Os olhos de Ethan se estreitaram e ele olhou para o garoto de cabelos negros à sua frente. Ele sentiu uma onda de irritação enchendo seu corpo, que havia sido aquecido pela adrenalina da batalha.
— Você é aquele garoto de cabelo preto. Não tenho nada a resolver com você agora, então espere sua vez.

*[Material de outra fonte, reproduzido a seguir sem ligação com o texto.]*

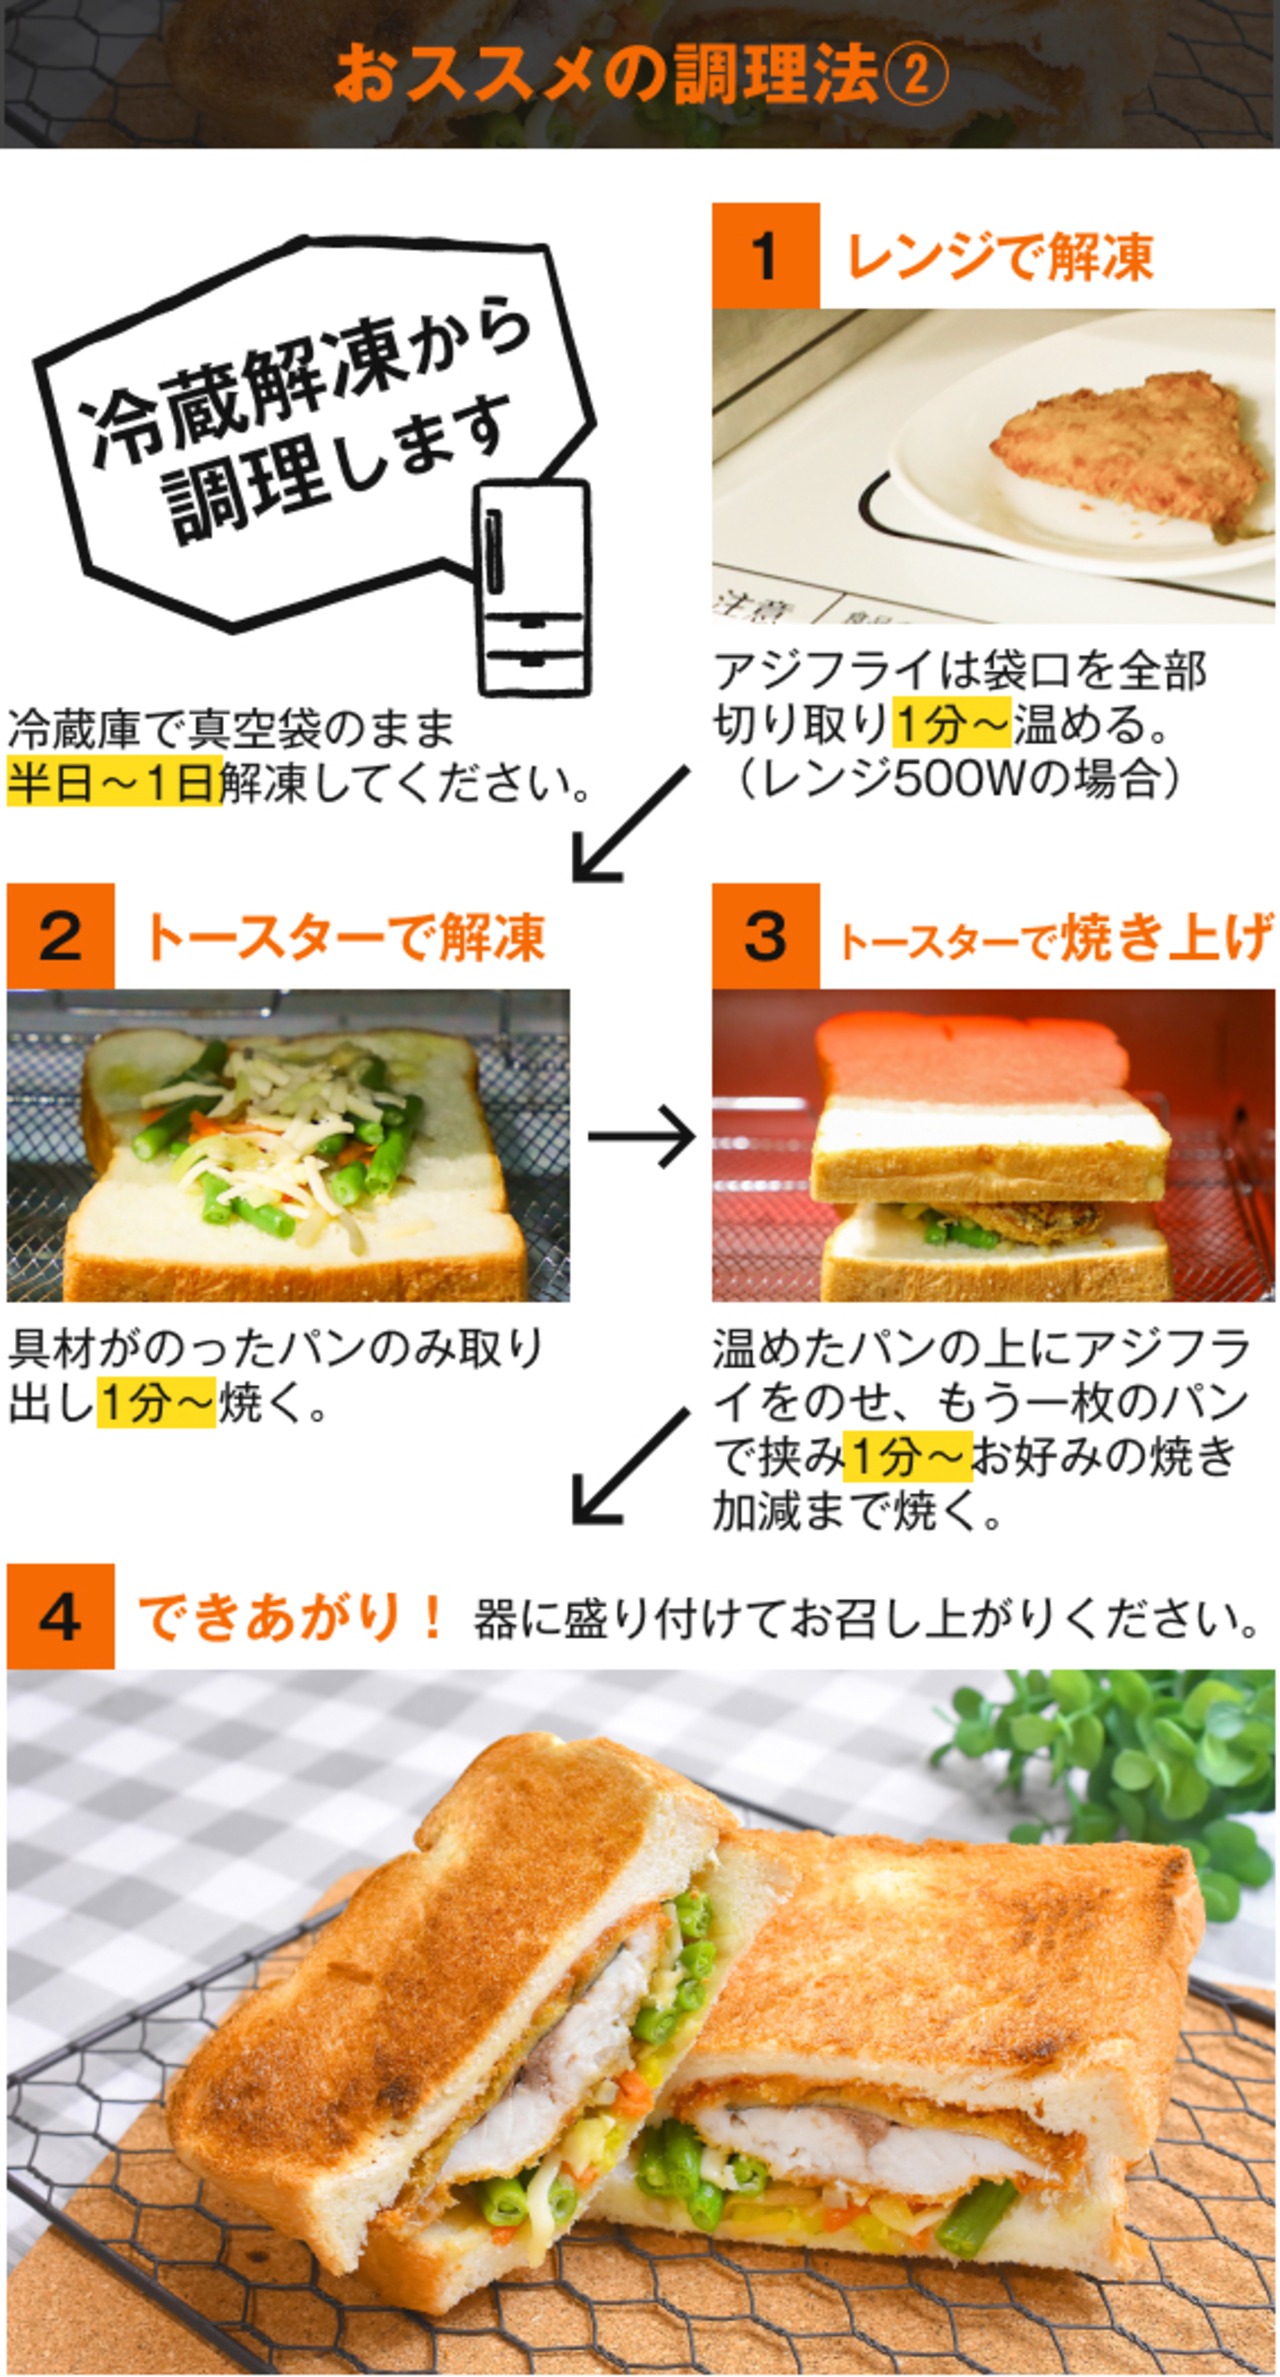 【冷凍食品】松浦アジフライサンド しゃっきり野菜

Ethan chutou o cavalo na tentativa de ultrapassar Juan. No entanto, Juan desapareceu de vista em um instante. Ethan levantou apressadamente a espada e a apontou na direção de Juan, mas já era tarde demais.
— Argh!
Juan se abaixou suavemente entre as pernas do cavalo de Ethan e cortou a parte interna das pernas. Ao contrário dos Templários, seus cavalos estavam armados apenas com armaduras comuns. A espada curta de Juan não teve dificuldade em cortá-lo. O cavalo soltou um grito agudo e se ajoelhou, deixando Ethan sem escolha a não ser descer do cavalo.
— Miserável…
— Não sejamos precipitados. — Juan falou relaxado, mesmo com sete Templários o cercando.
Os olhos de Ethan brilharam de raiva. Quando ele estava prestes a atingir seu objetivo final, um obstáculo trivial apareceu diante dele.
— Claro. Vou chutar sua cabeça por aí enquanto caminho, bem melhor do que andar a cavalo.
Ethan enviou sinais para seus cavaleiros com o olhar. Os Templários hesitaram, mas logo passaram por Juan; seria um desperdício sete Templários se ocuparem com apenas um garoto.
Juan não se deu ao trabalho de impedir que os Templários passassem por ele.
— Agora… me daria a honra de uma dança?